Florence stared at me with a fire blazing behind her eyes.
“Once he makes up his mind, it cannot be swayed. So, for the sake of us all, I hope to God, or whatever supernatural force may be listening right now, that you are who and what I think you are because if you’re not, Wesley Cameron will move heaven and earth to ensure his little brother is safe, even if Koen doesn’t want the special treatment.”
And regardless of who or what stands in his way . I don’t add, but she can see it lingering, unsaid.
“I understand and I thank you for your honesty.”
“Excellent,” I said, holding my hand out to her. We were both still sitting in the uncomfortable reality that no matter what, it might end in bloodshed. “Now, let me read some of those to you.”
“You want to read them to me?” Her brows furrowed in that adorable way again, but that time I didn’t stop myself from reaching out and brushing my thumb between them. She pulled back gently, staring at my hand with a blush on her cheeks that made my mouth dry.
With that the suffocating reality eased off my chest.
I wanted to do more than read to her.
I wanted to roll her over in the grass and kiss her until she forgot her own name.
I wanted to show her the commitment that coursed through me to find a solution. An instinct that burned bright below the surface to never stop digging until I found a way to free her from this prison.
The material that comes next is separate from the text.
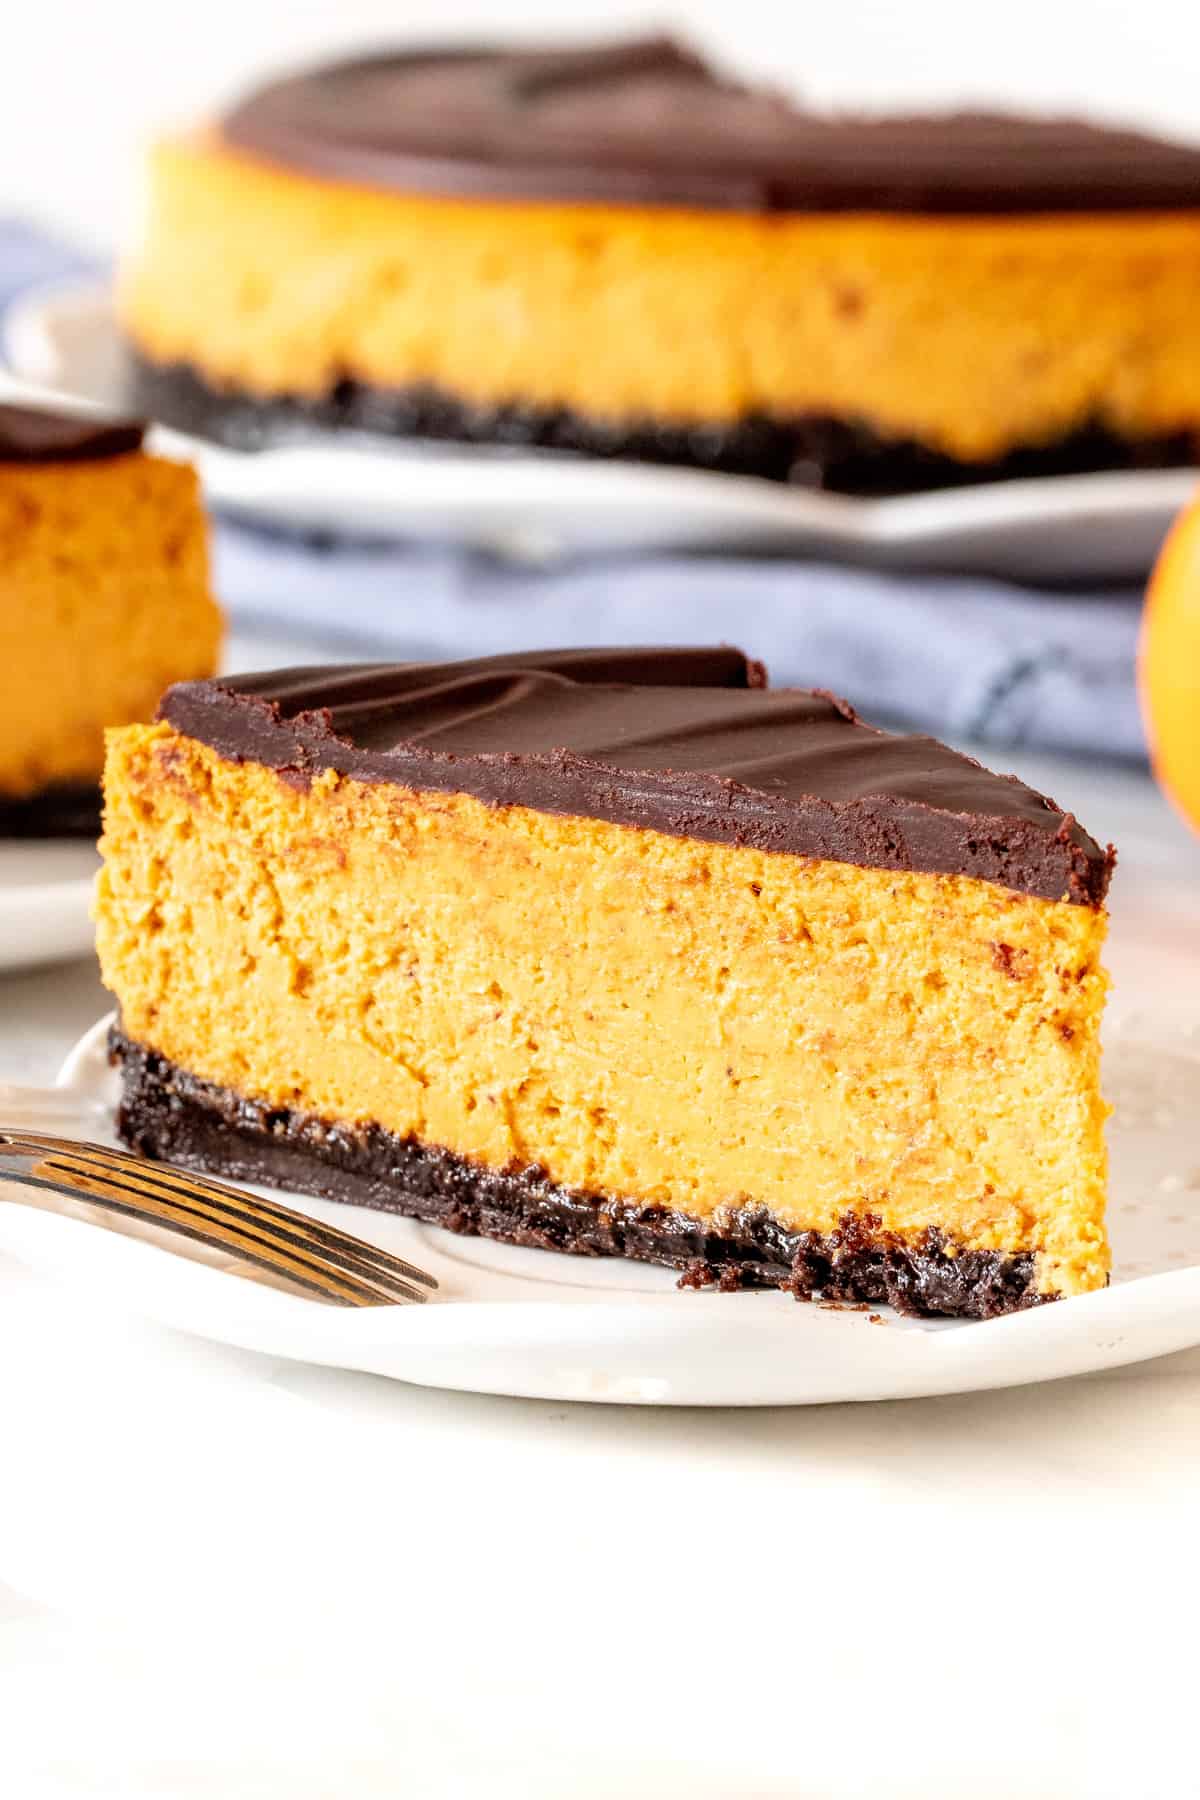 Slice of pumpkin cheesecake with chocolate ganache on top
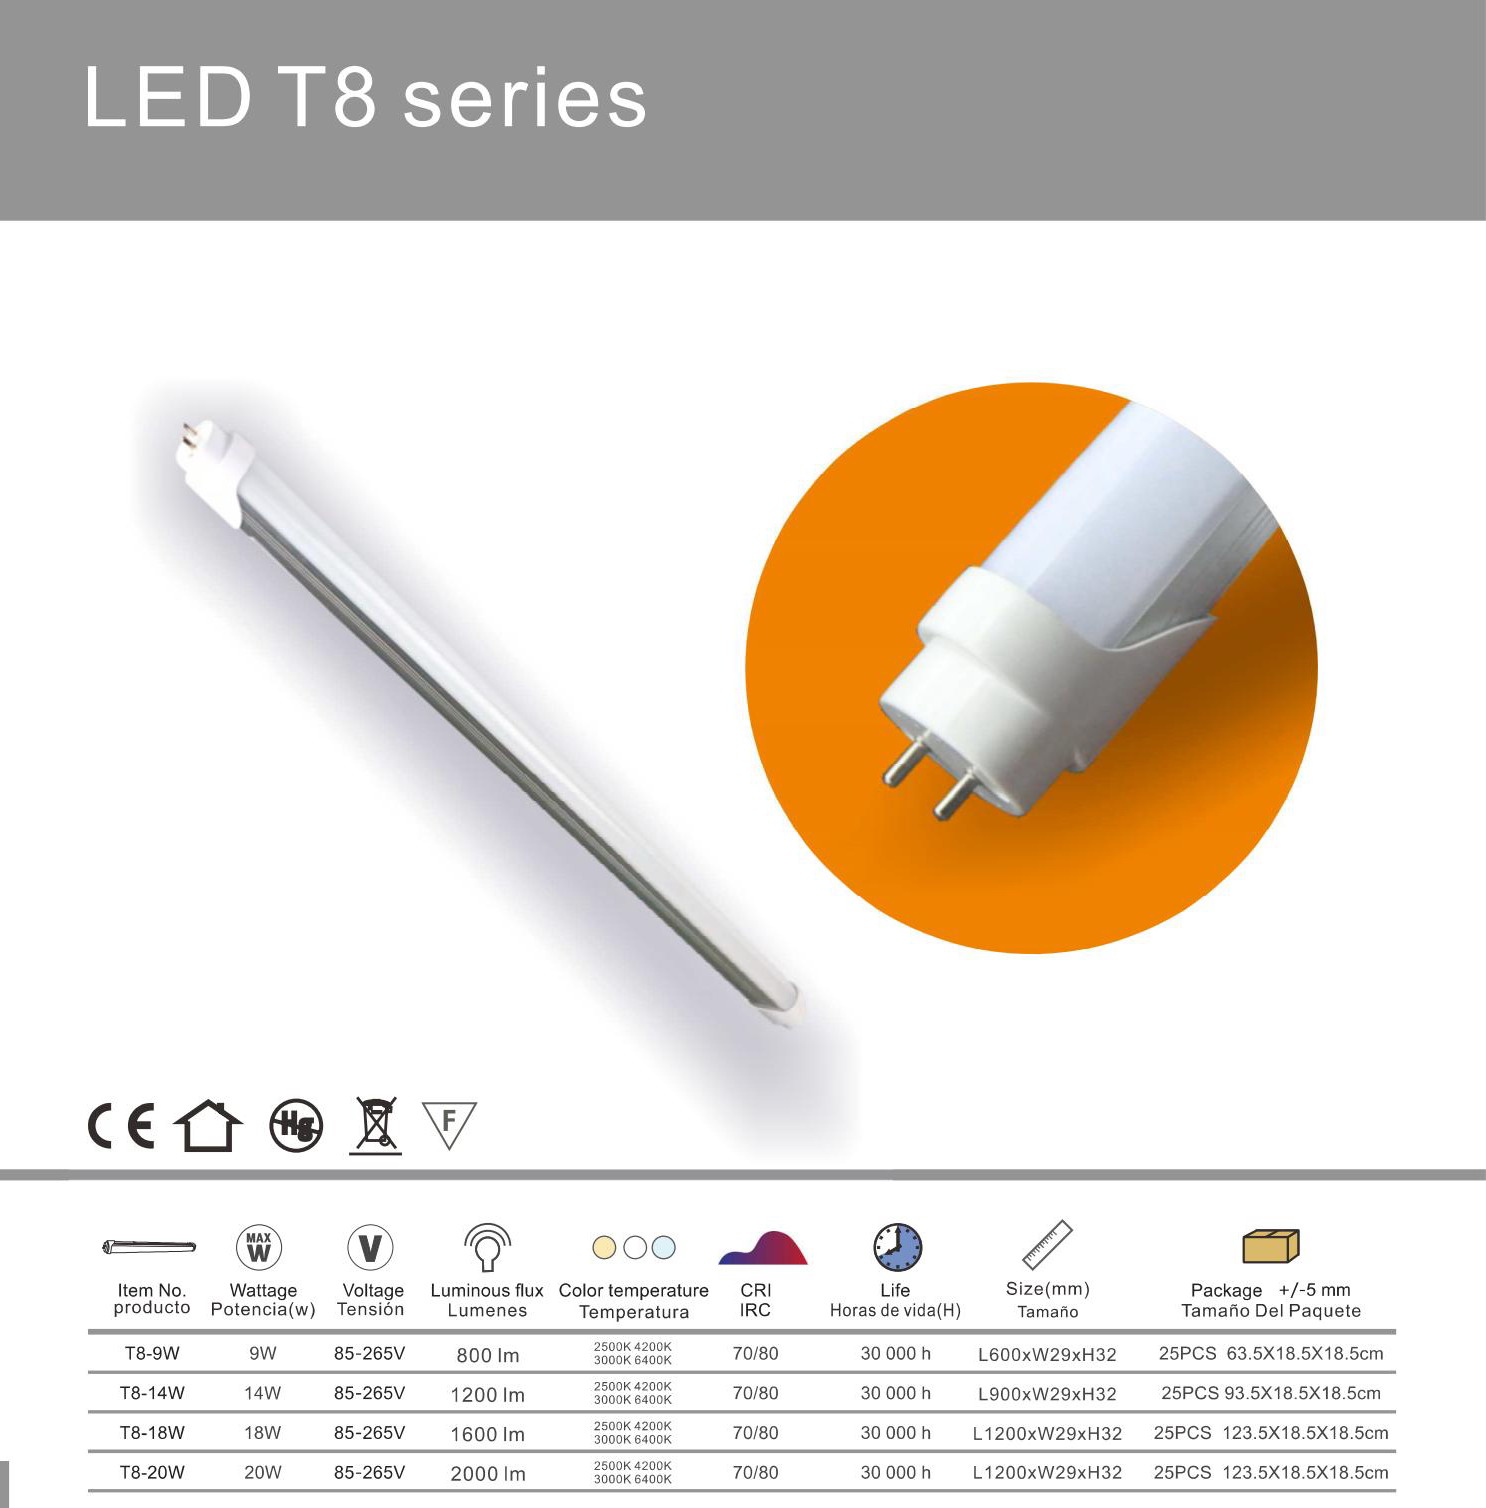 LED T8 series

A raw, feral urge to find a way to see that smile without conditions or the looming threat of what could happen.
But for now I would settle for reading to her if it made her happy.
“If you’ll let me.” I smiled at her and she handed me one of them, allowing me to flip to a page that had been dog-eared. “I didn’t take you for a book destroyer, Florence.” I scowled and pressed out the corner.
She laughed wildly and with conviction into the summer air at my huffing. “I didn’t know you were the authority,” she quipped back.
“Stop the research.” I shook my head in feigned disgust. “This right here is why you might be a monster,” I said, shaking the antique book in the air at her.
“Just read to me,” she giggled, eyes rolling as she pressed her fingers against the leather and pushed it back toward me, that teasing smirk returning to her lips.
It was getting progressively more challenging to see Wes’ argument when she smiled at me like that.
All my logic flew out of my mind, leaving only thoughts of Florence.